▸ What is needed: The response should contain all of the data below, reproduced exactly, and no pictures.

▸ Collected data:

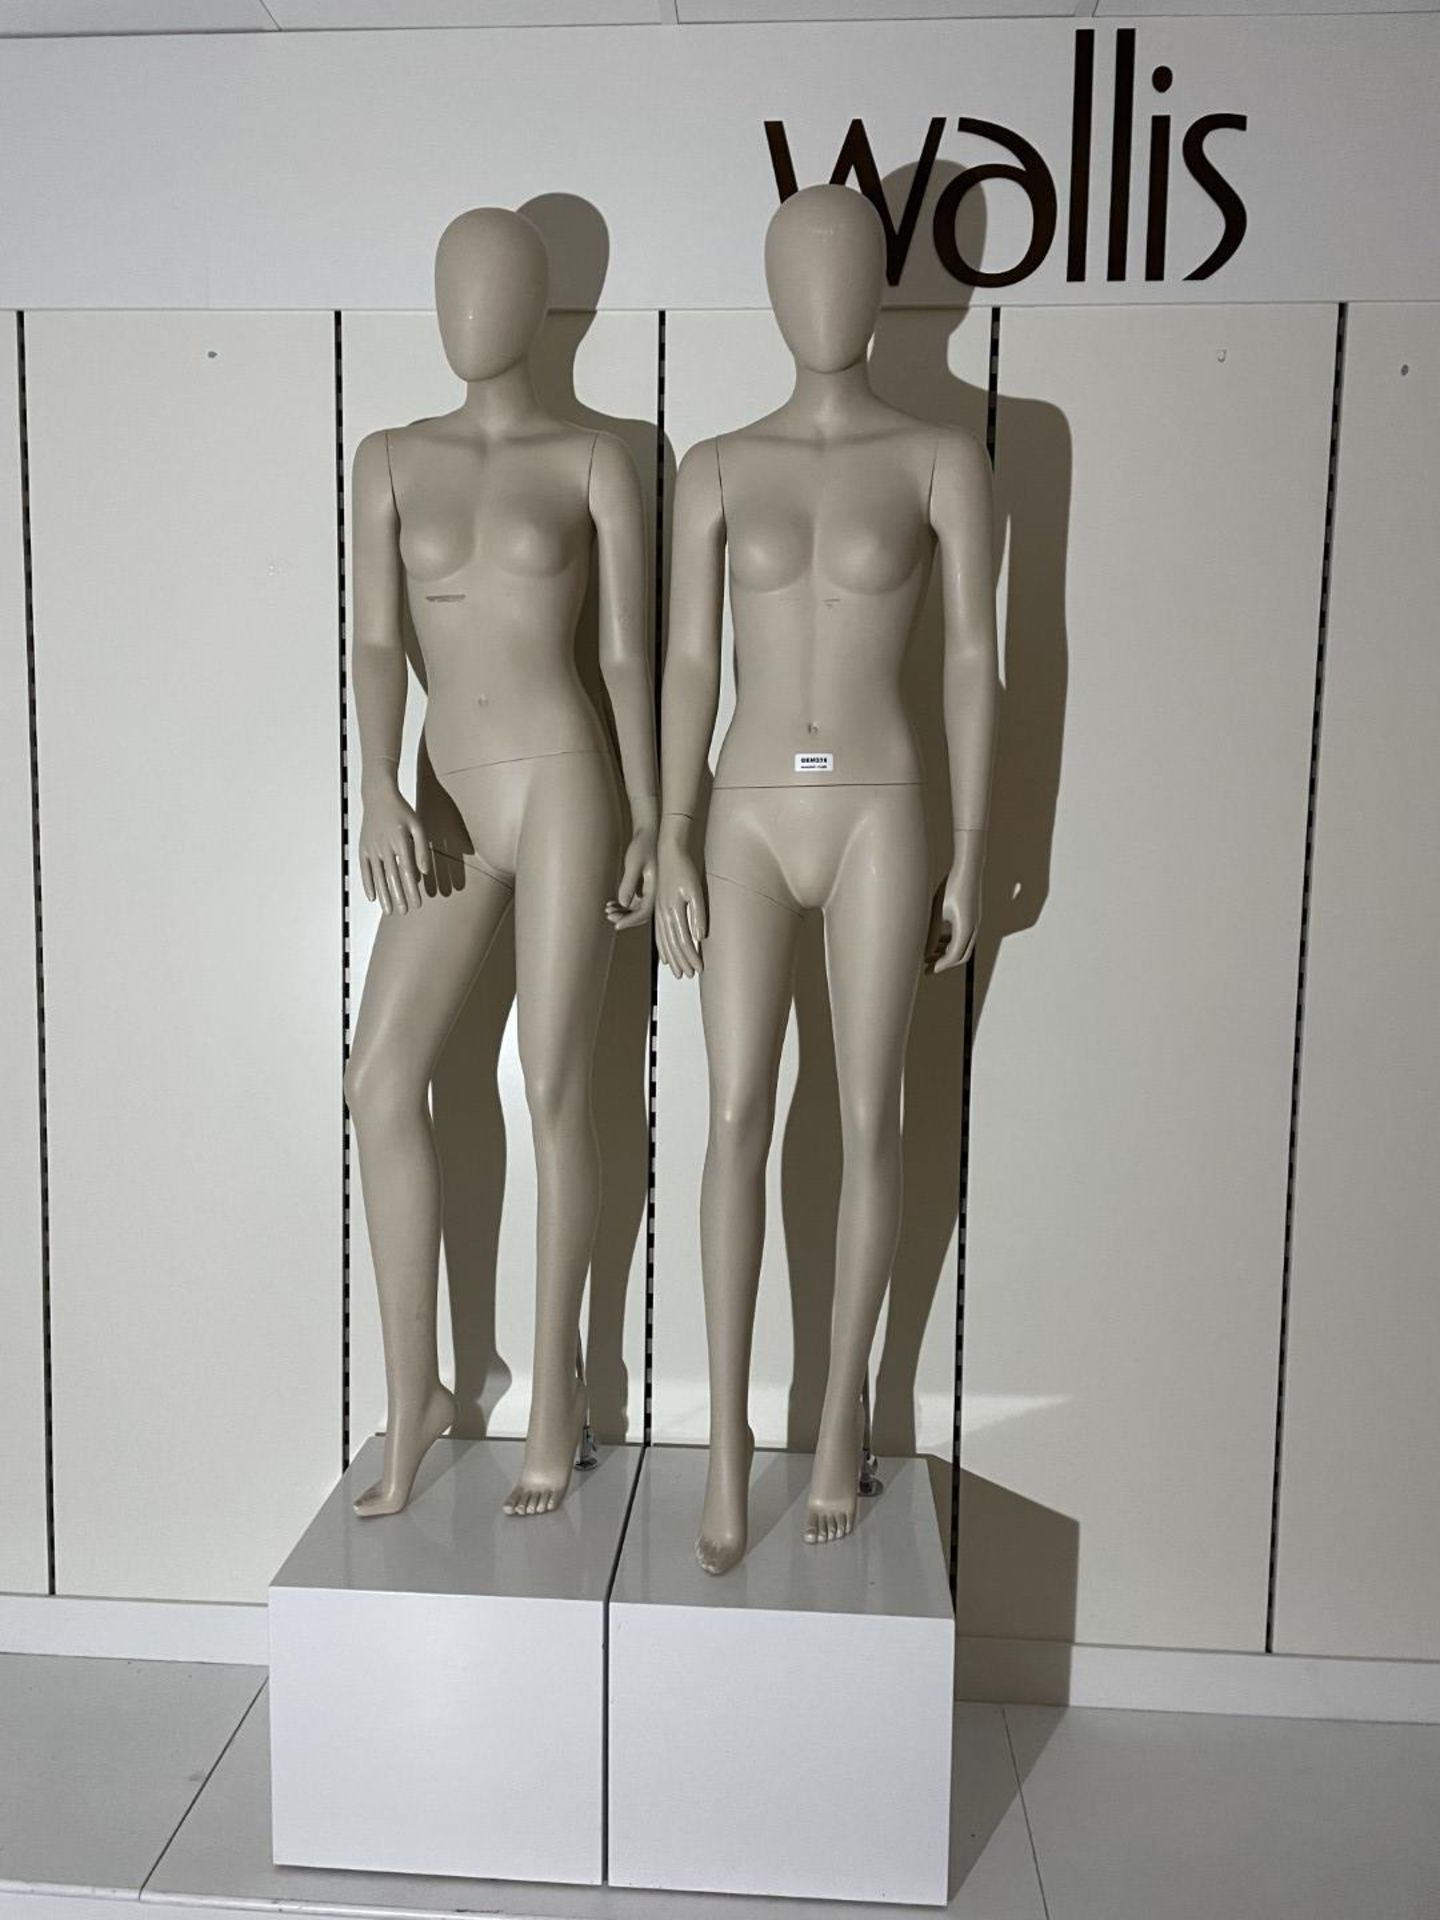 2 x Full Size Female Mannequins on Pedestal Plinth Stands - CL670 - Ref: GEM236 - Location: - Image 2 of 11
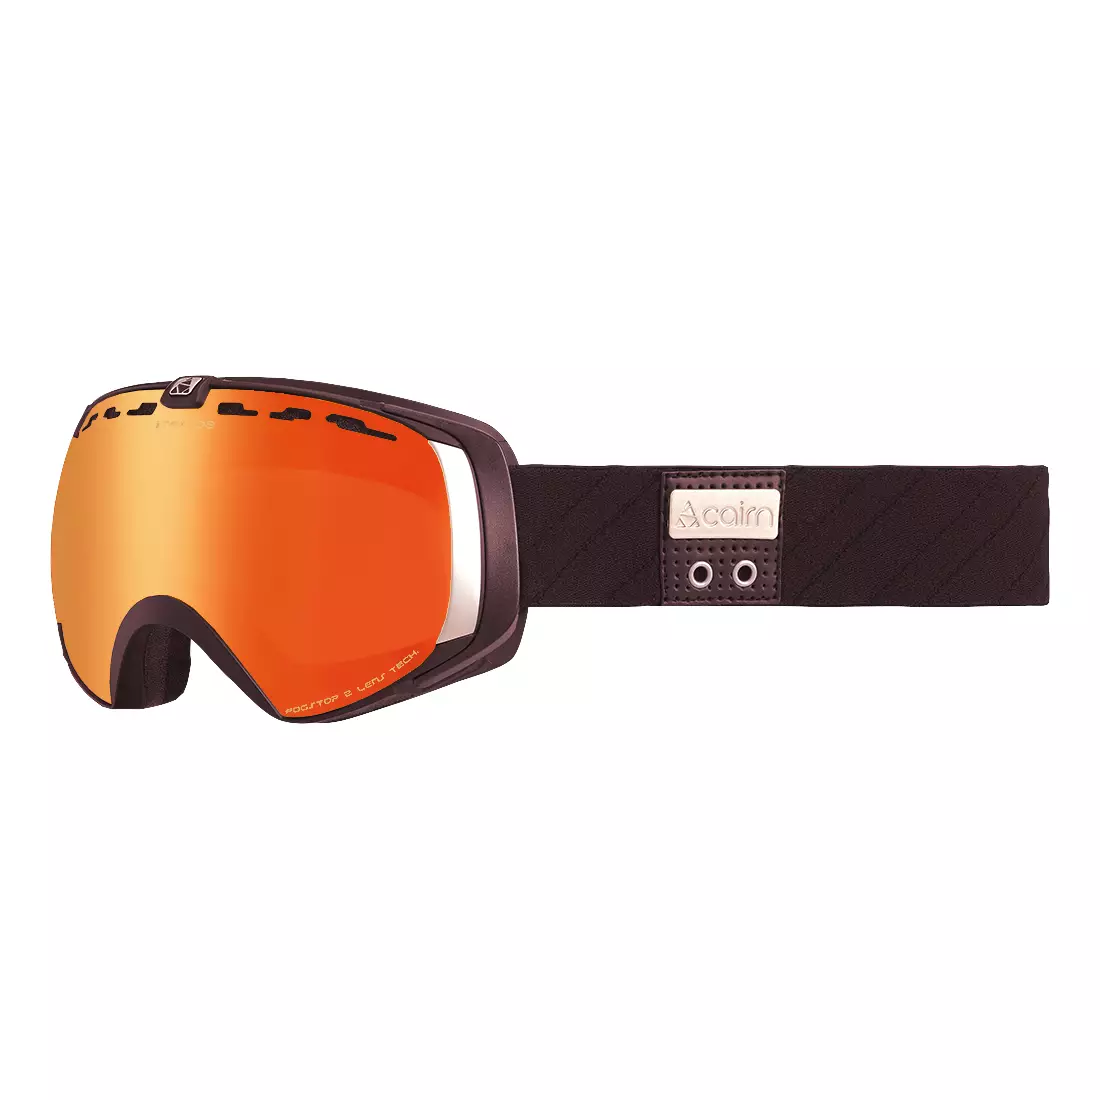 CAIRN STRATOS SPX3000 IUM cyklistické brýle, oranžový
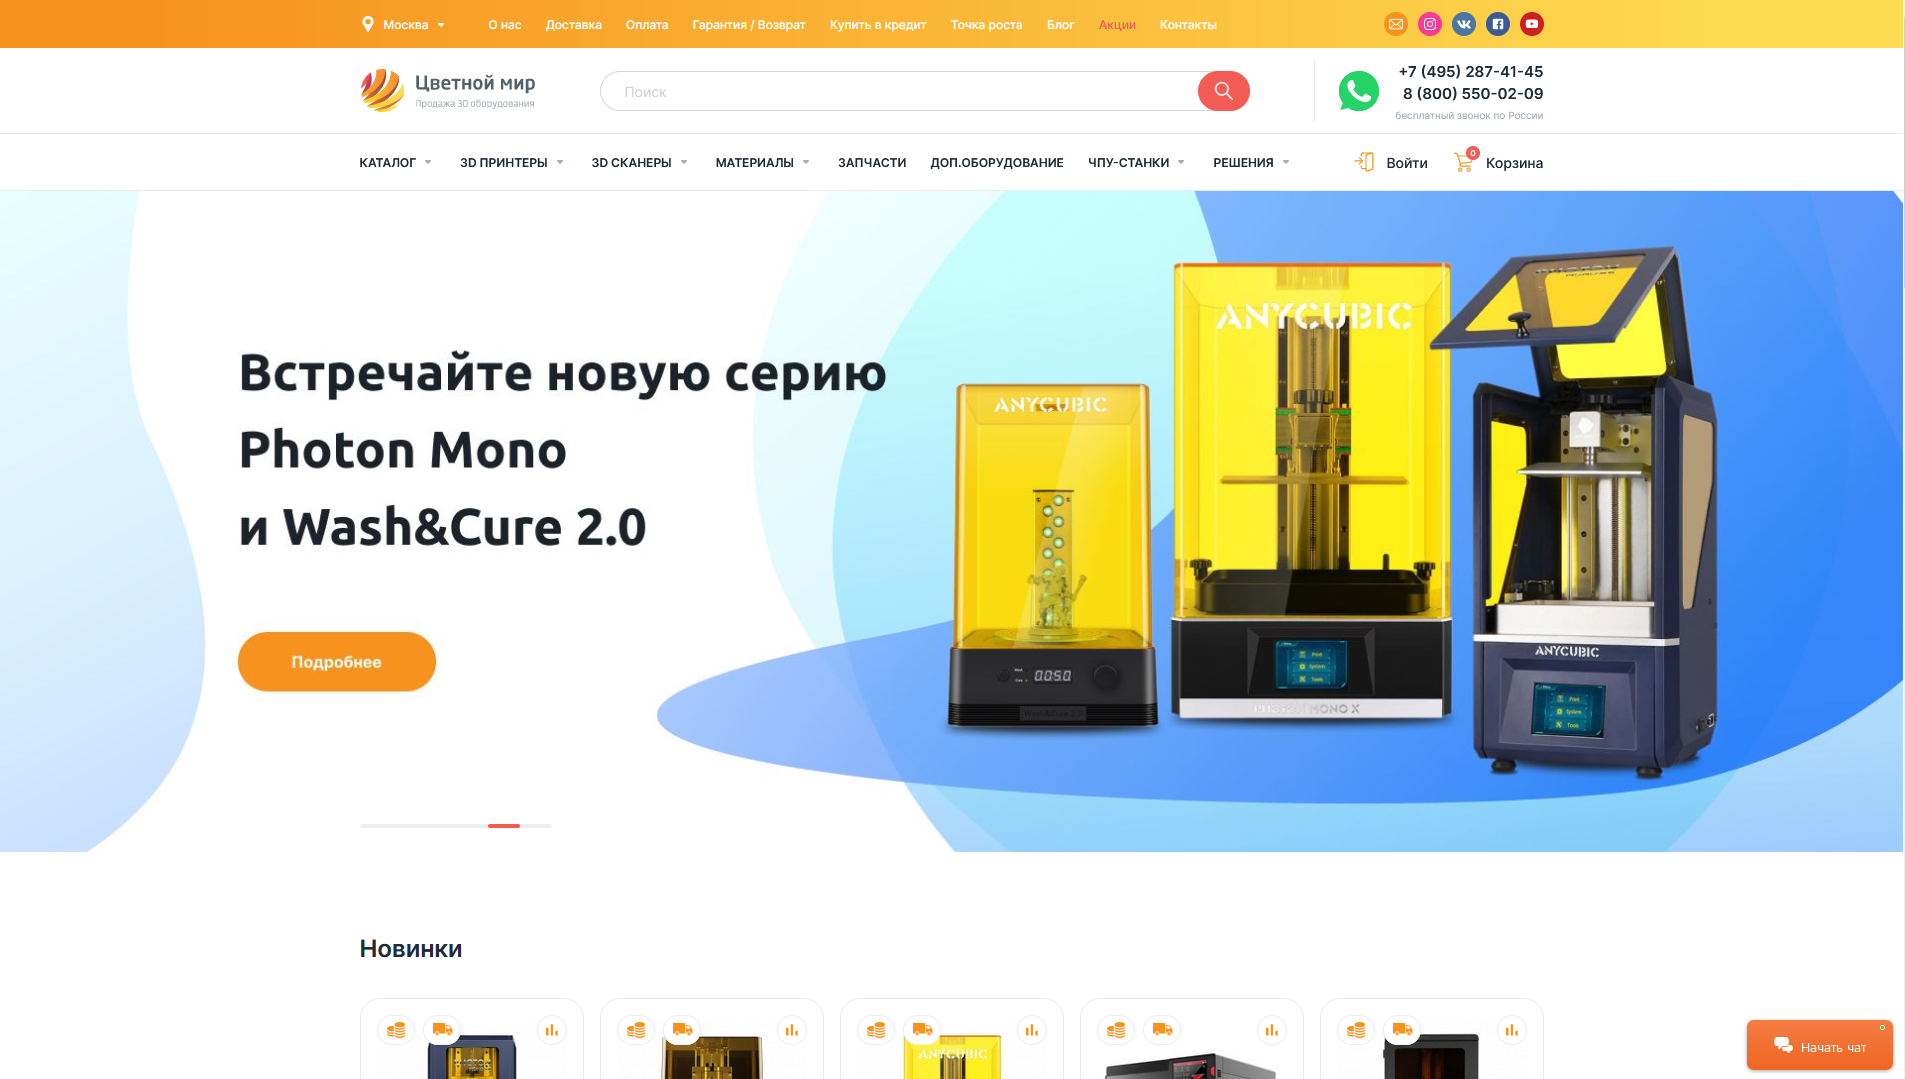 Настольные 3D-сканеры - купить стационарный 3D-сканер по низкой цене в интернет-магазине «Цветной Мир» в Москве

▸ Response for this exercise:
 2 x Full Size Female Mannequins on Pedestal Plinth Stands - CL670 - Ref: GEM236 - Location: - Image 2 of 11
 CAIRN STRATOS SPX3000 IUM cyklistické brýle, oranžový
 Настольные 3D-сканеры - купить стационарный 3D-сканер по низкой цене в интернет-магазине «Цветной Мир» в Москве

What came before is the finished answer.